For someone with such a seemingly black and white view of the world, he is an immensely complex and, some would say, hypocritical figure (e.g. for his criticism of TV pundits during his playing career, only to become one following his retirement). Moreover, for someone who presents himself as a man of the people, he appears to have very few friends – practically everyone Keane has encountered over the course of his career be it Mick McCarthy, or one-time admirers such as Eamon Dunphy or Alex Ferguson, has ultimately fallen out with him.

Some people may suggest his unpopularity within certain football circles is solely due to his unflagging compulsion to speak his mind; however there are other reasons too.

For all his considerable achievements in football, there is an underlying malevolence that seems to be an inextricable part of Keane’s character. His pre-meditated and callous tackle on Alf-Inge Haaland, in which he deliberately intended to injure the player, epitomised his darker side.
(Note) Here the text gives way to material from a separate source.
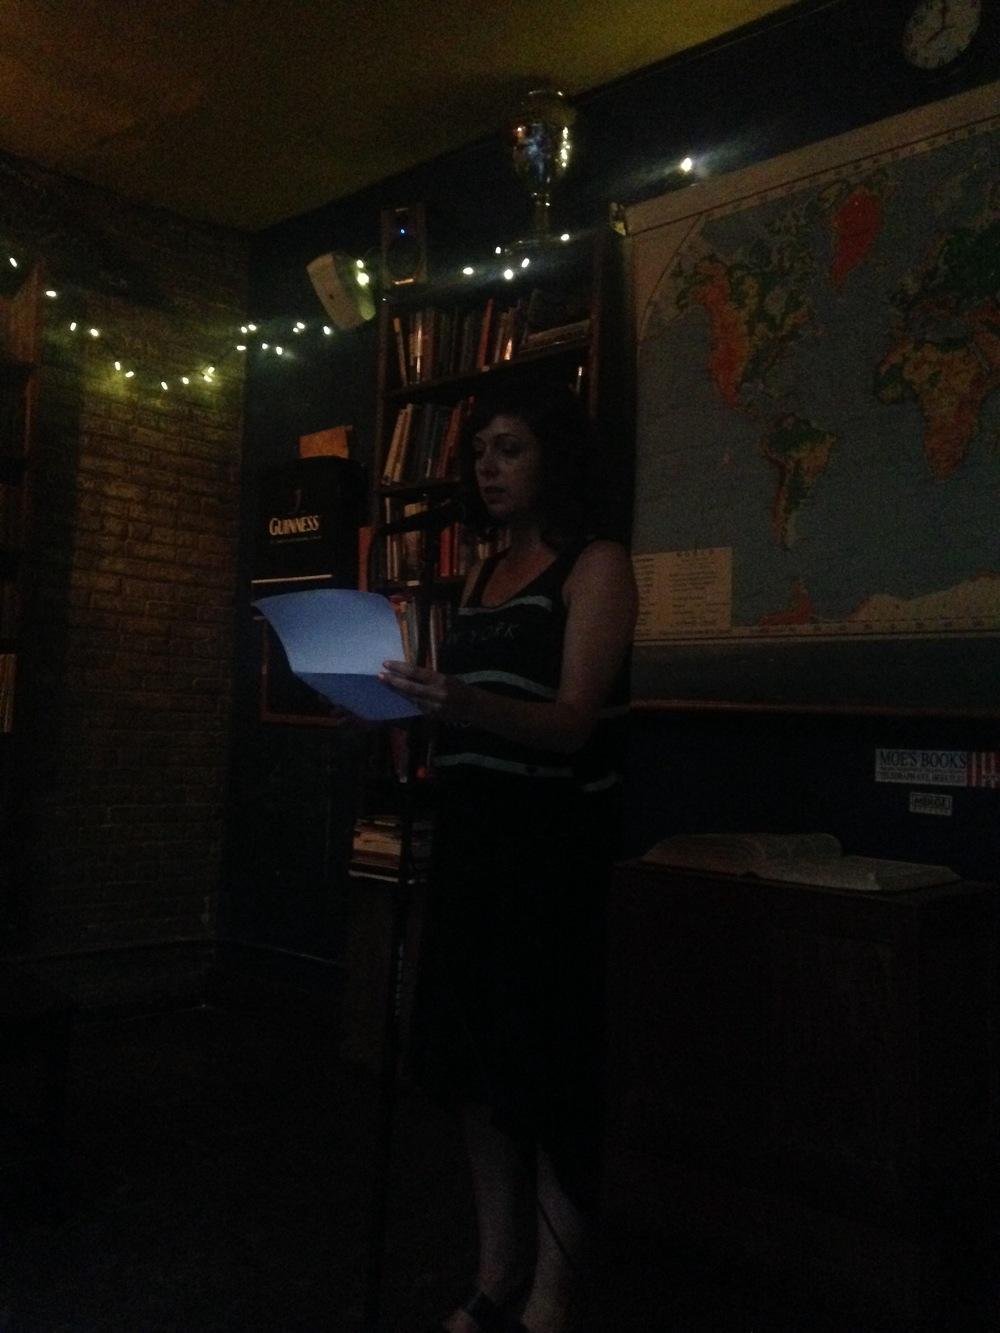 UNY Editor Nicole Haroutunian

Moreover, he is sometimes portrayed as a witty and thoughtful individual. Both the Saipan and Wigan incidents were instances in which Keane was trying to prove a point, so to regard them merely as impetuous outbursts is unfair, given the ostensible thought behind them. His MUTV outburst, on the other hand, was – if anything – out of character.

To publicly criticise both your employers and specific teammates, honest though it may be, belies the strong level of wit with which Keane is often associated. On the contrary, it demonstrates an aspect of self-destructive naivety in his character – an apparent flaw that was also highlighted by his surprise at the swift and ruthless manner of his United exit. Surely Keane, with all his experience, knew that he was far from untouchable, particularly having seen stars such as David Beckham leaving in similarly ignominious circumstances before him.

Keane’s tendency to speak his mind as a player has unsurprisingly also been evident in his punditry. (Neal Simpson/EMPICS Sport)

And while some may claim he has mellowed since then, the following much more recent quote illustrates his continuing lack of emotional intelligence: “On a night we got beaten in the cup by Luton, the staff came in and said, ‘Clive Clarke has had a heart attack at Leicester’.” I said, ‘Is he OK? I’m shocked they found one, you could never tell by the way he plays’.”

Keane has a reputation for speaking his mind, and it’s understandable that many people would find his approach refreshing, within the invariably bland world of football speak.

However, when he criticises a player who has just suffered a heart attack, you begin to wonder whether he is more than just “different,” as David Walsh claims. In fact, you begin to wonder about his psychological well-being.

So while Keane may be the best footballer this island has ever produced, he hardly deserves to be treated with the level of respect of ex-players of the calibre and integrity of John Giles or Liam Brady.